> _PROBLEM REQUIREMENTS_: Omit the pictures and return exactly the stretch of the material below from the line with "Recare Kondome Classic" through the line with "Strickhandschuhe fingerlos schwarz/gelb".

> _DATA_:
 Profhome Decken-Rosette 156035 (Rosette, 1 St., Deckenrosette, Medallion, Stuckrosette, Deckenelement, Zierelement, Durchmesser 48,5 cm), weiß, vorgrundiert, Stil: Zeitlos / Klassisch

==

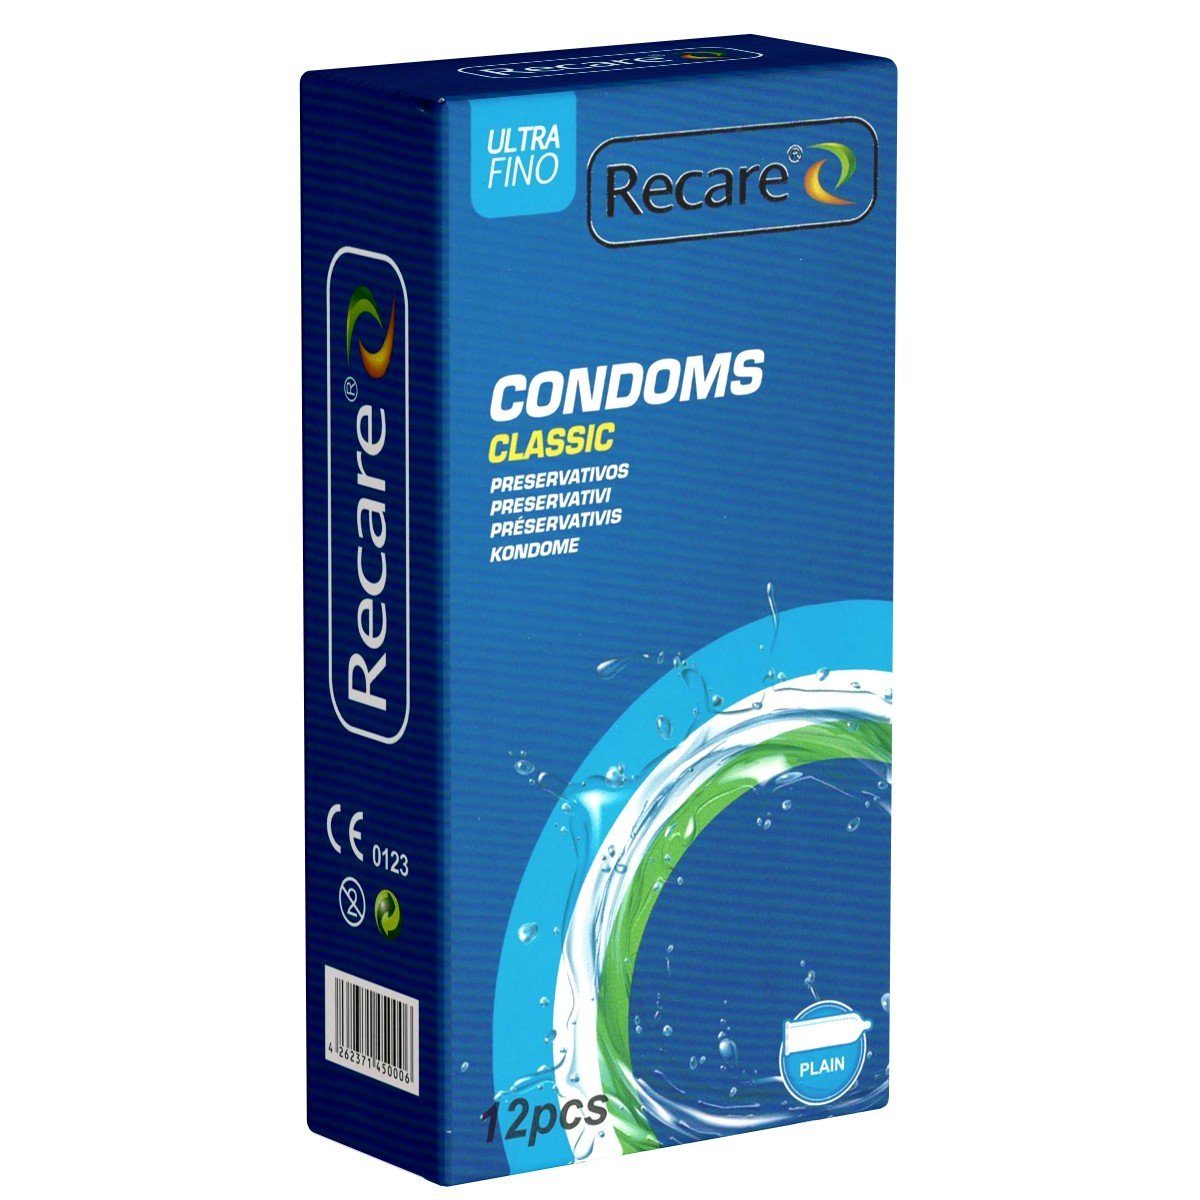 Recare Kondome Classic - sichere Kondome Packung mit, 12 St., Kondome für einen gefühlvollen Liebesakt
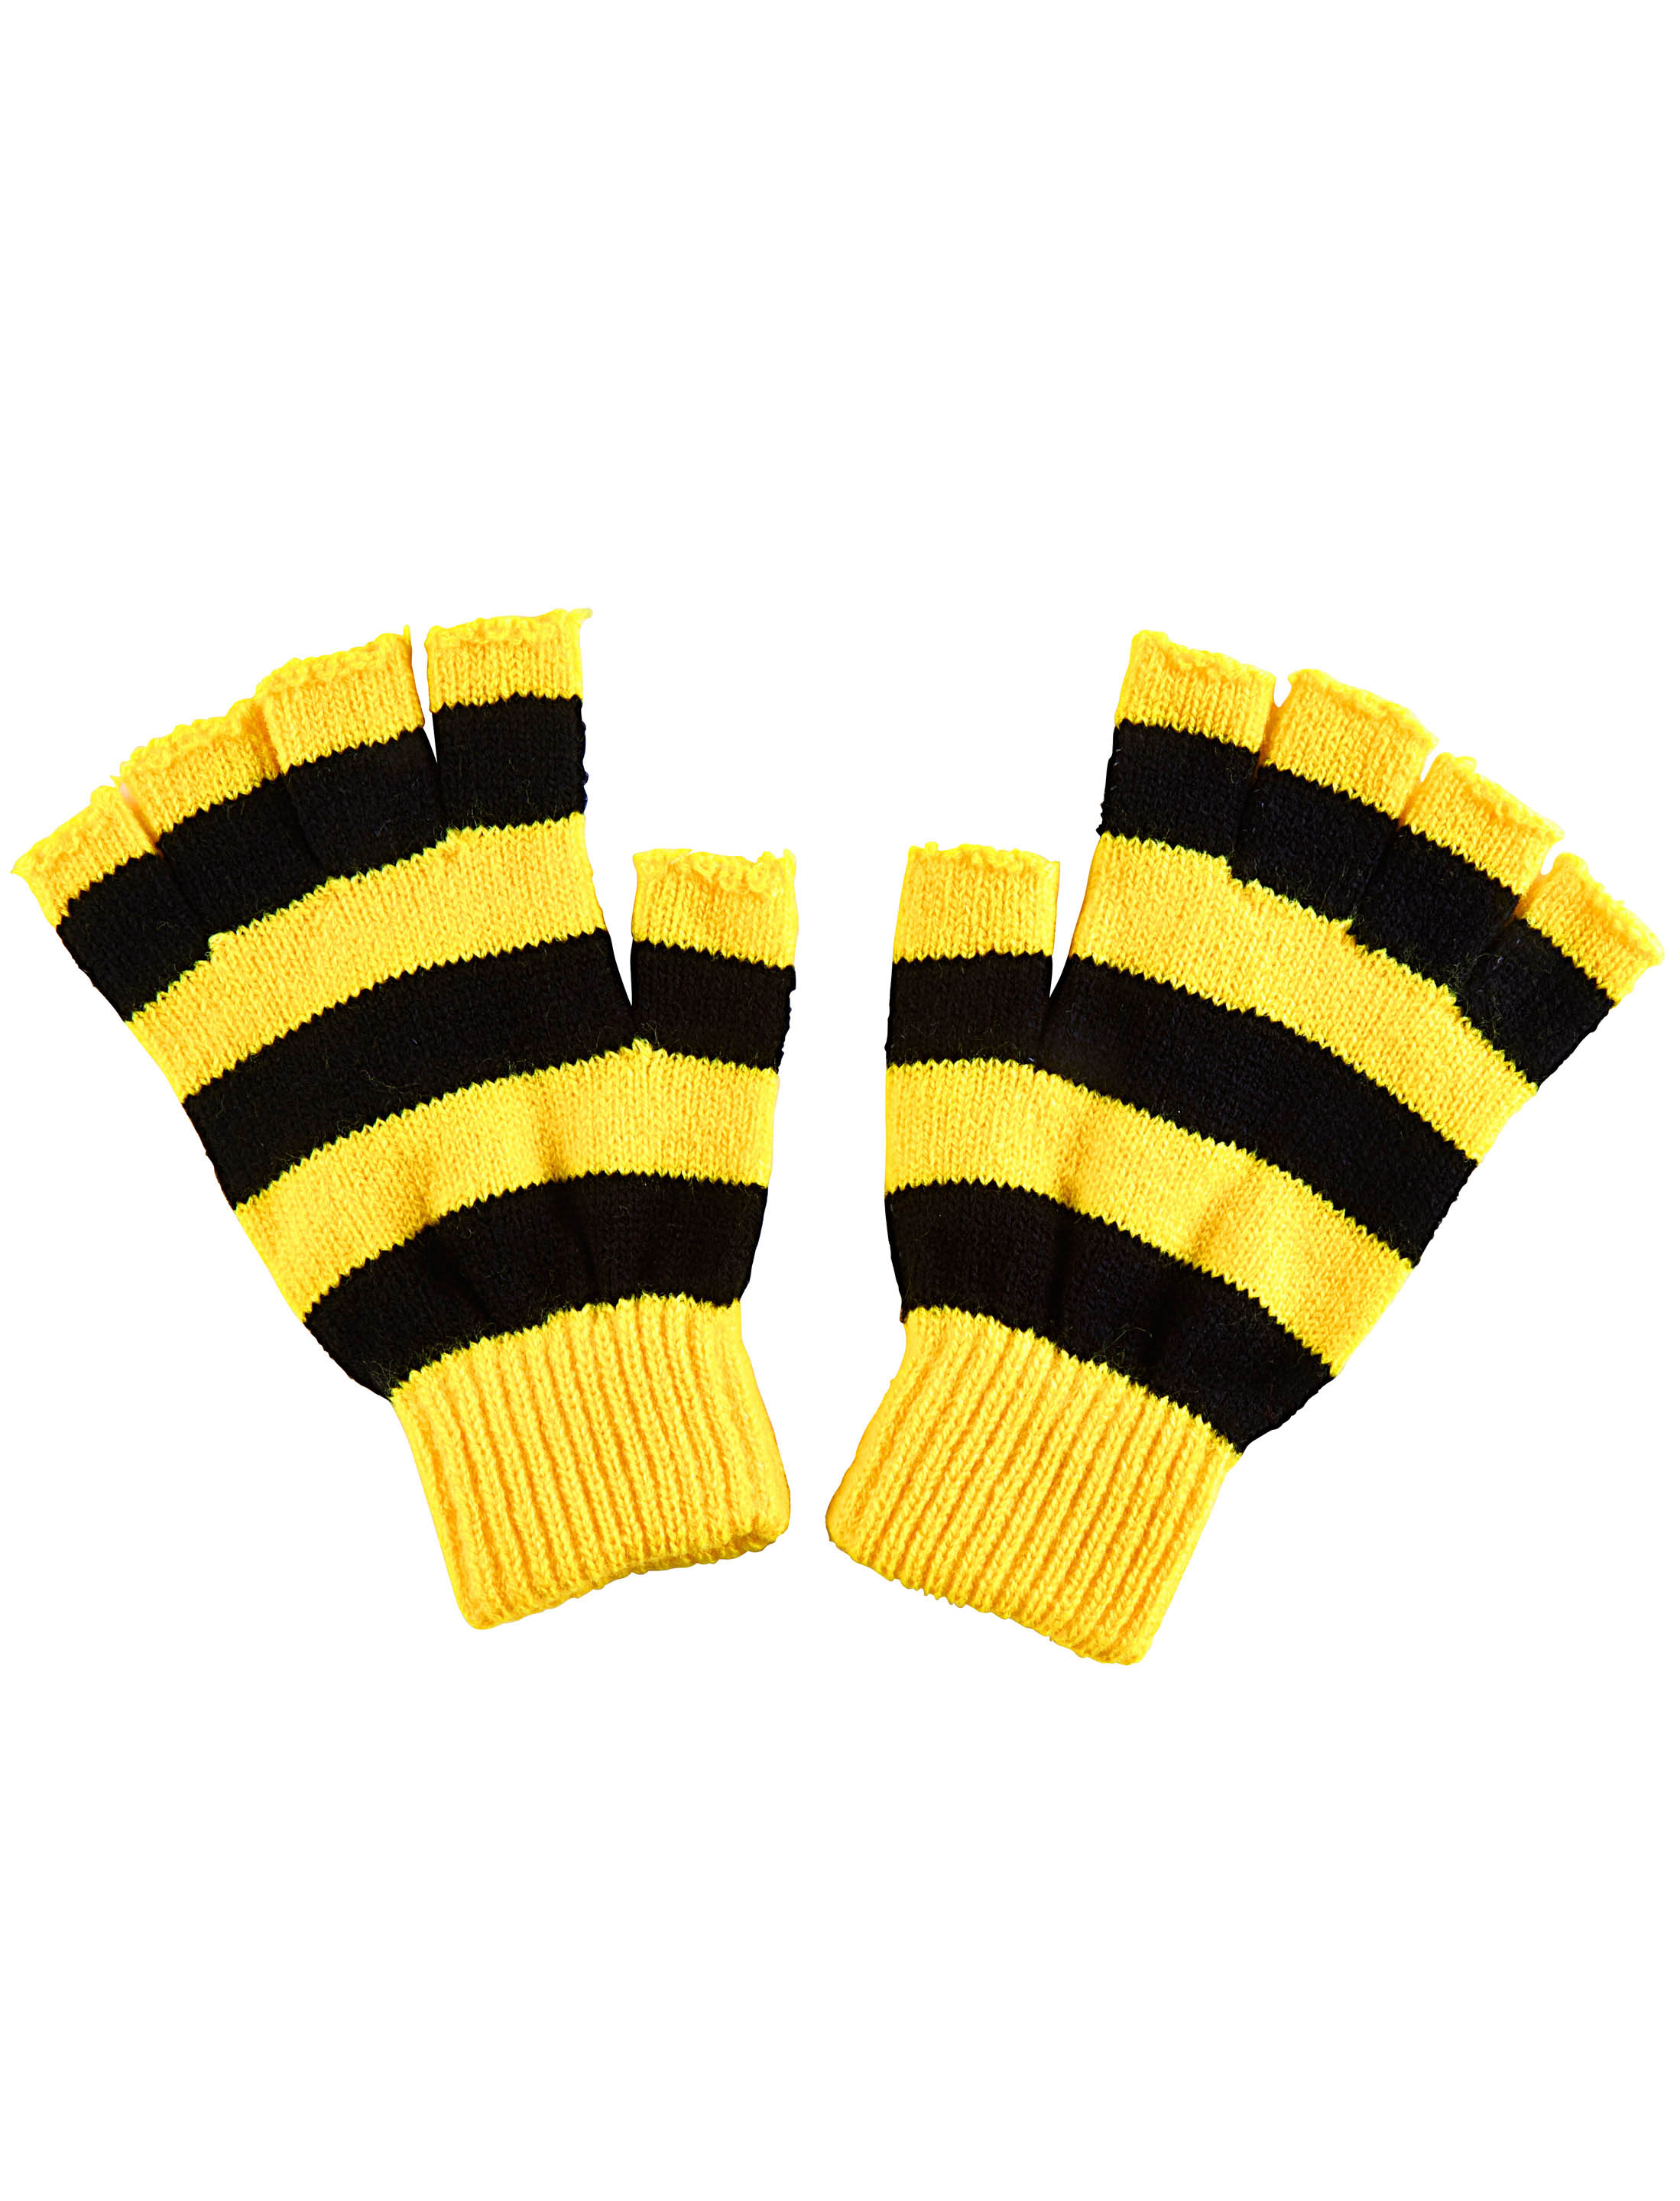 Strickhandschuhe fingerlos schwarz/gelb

> _OUTPUT OF THE TASK_:
 Recare Kondome Classic - sichere Kondome Packung mit, 12 St., Kondome für einen gefühlvollen Liebesakt
 Strickhandschuhe fingerlos schwarz/gelb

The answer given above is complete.